I had a 5870,idle temps should be around 38c,idle voltages around 0.9v,load gpu-z to see,remember it runs at full load clocks without drivers so temps will be high,tested with a clean windows install? Changing graphic cards to different model sometimes screws up the OS
 
I had a 5870,idle temps should be around 38c,idle voltages around 0.9v,load gpu-z to see,remember it runs at full load clocks without drivers so temps will be high,tested with a clean windows install? Changing graphic cards to different model sometimes screws up the OS

I'll try another OS install (already tried once, but back on the old one again now) just need to find a spare HDD to use.

This PC has been fine with graphics card swaps before. On the same install it has run an x1800xl, a 2600xt, an HD5450 and an 8800GTS without any gripes.
 
Might be,I've just switched a 5770 to a 7850 and no matter what I did I couldnt get sleeping dogs to load,new windows install cured it

So its worth a shot
 
Might be,I've just switched a 5770 to a 7850 and no matter what I did I couldnt get sleeping dogs to load,new windows install cured it

So its worth a shot

But the idle temperature :L surely that can't be normal even without drivers?
 
Could be as its running at full clocks,it only enters power saving clocks/voltages when the drivers are installed
 
Could be as its running at full clocks,it only enters power saving clocks/voltages when the drivers are installed

OK Thanks, this has restored hope to a certain degree.

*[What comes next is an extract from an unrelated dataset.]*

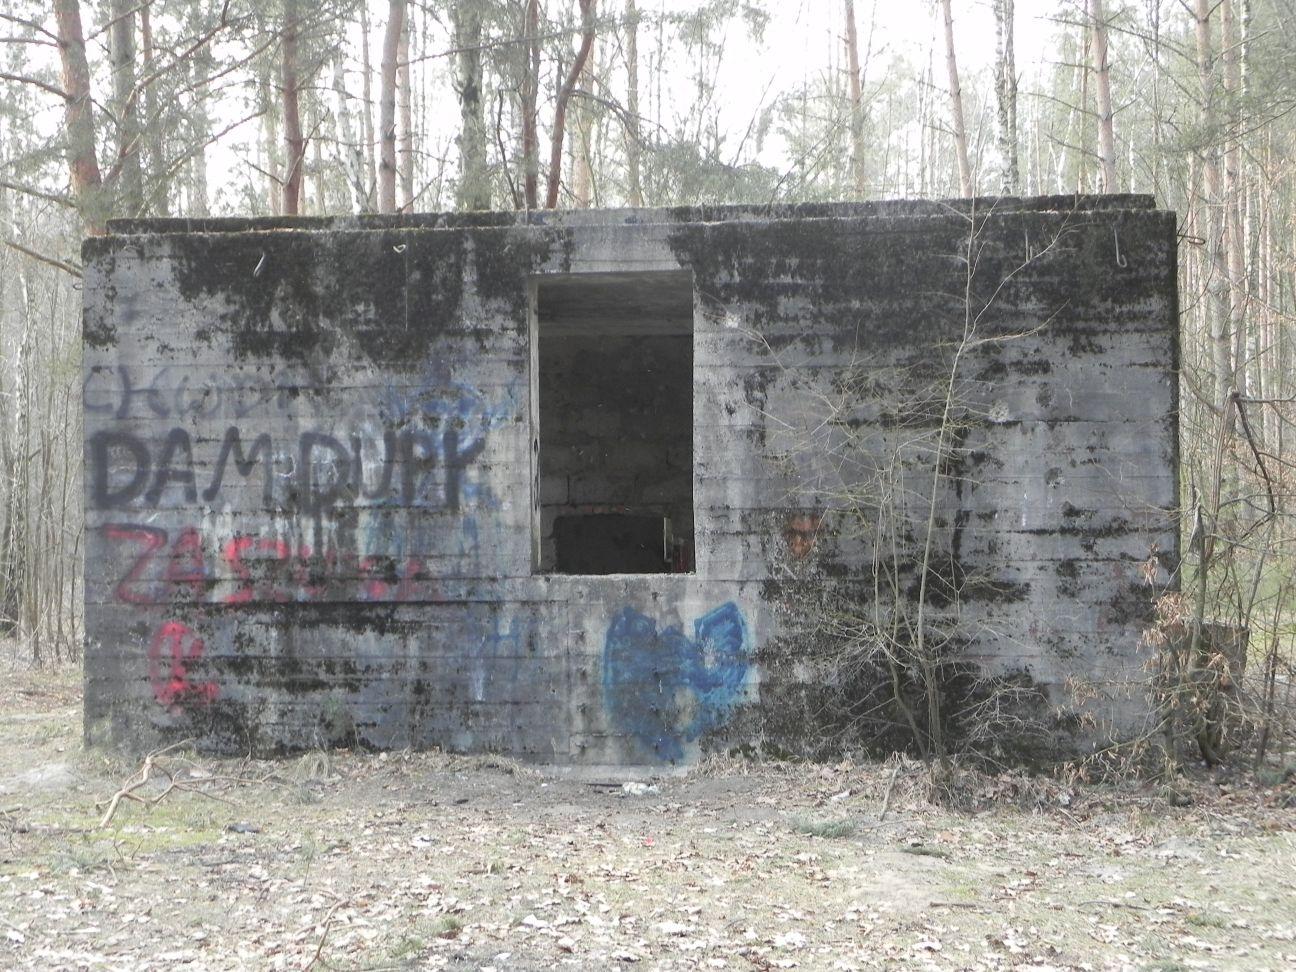 Jeleń - Bunkier Uzdatniania Wody (36)

I'll test out a few things later. Watch this space.
 
OK so I installed another copy of windows 7 on a seperate drive partition and downloaded the drivers etc, and the same thing occurred, BSOD on startup, same error code. So now I am downloading the RBE and checking the settings... If this doesnt work, it looks like it's game over for this poor old 5870 :/
 
Well you know it's possible that the card has something wrong with it: the most likely thing is memory chips although your temps suggest the GPU chip itself or even the VRM (i.e. if it's gone faulty it may be supplying more voltage than it should).
 
You need a digital volt meter to check the voltage at the GPU until you can rectify the hot running at idle you have little hope of progressing further ;)
 
Another thought, copy the cards bios and edit the power states right down..re flash and see if the card responds. If it does not it's a gonna !
 
If all else fails bake it !!! throw it in the oven for half an hour!!! :p

Could be that you have loose solder joints!!! When drivers are installed they make the card operate as intended, safe mode only runs the card at basic level same with 1 st installation of windows although thats a little more advanced than safe as windows areo is running usually.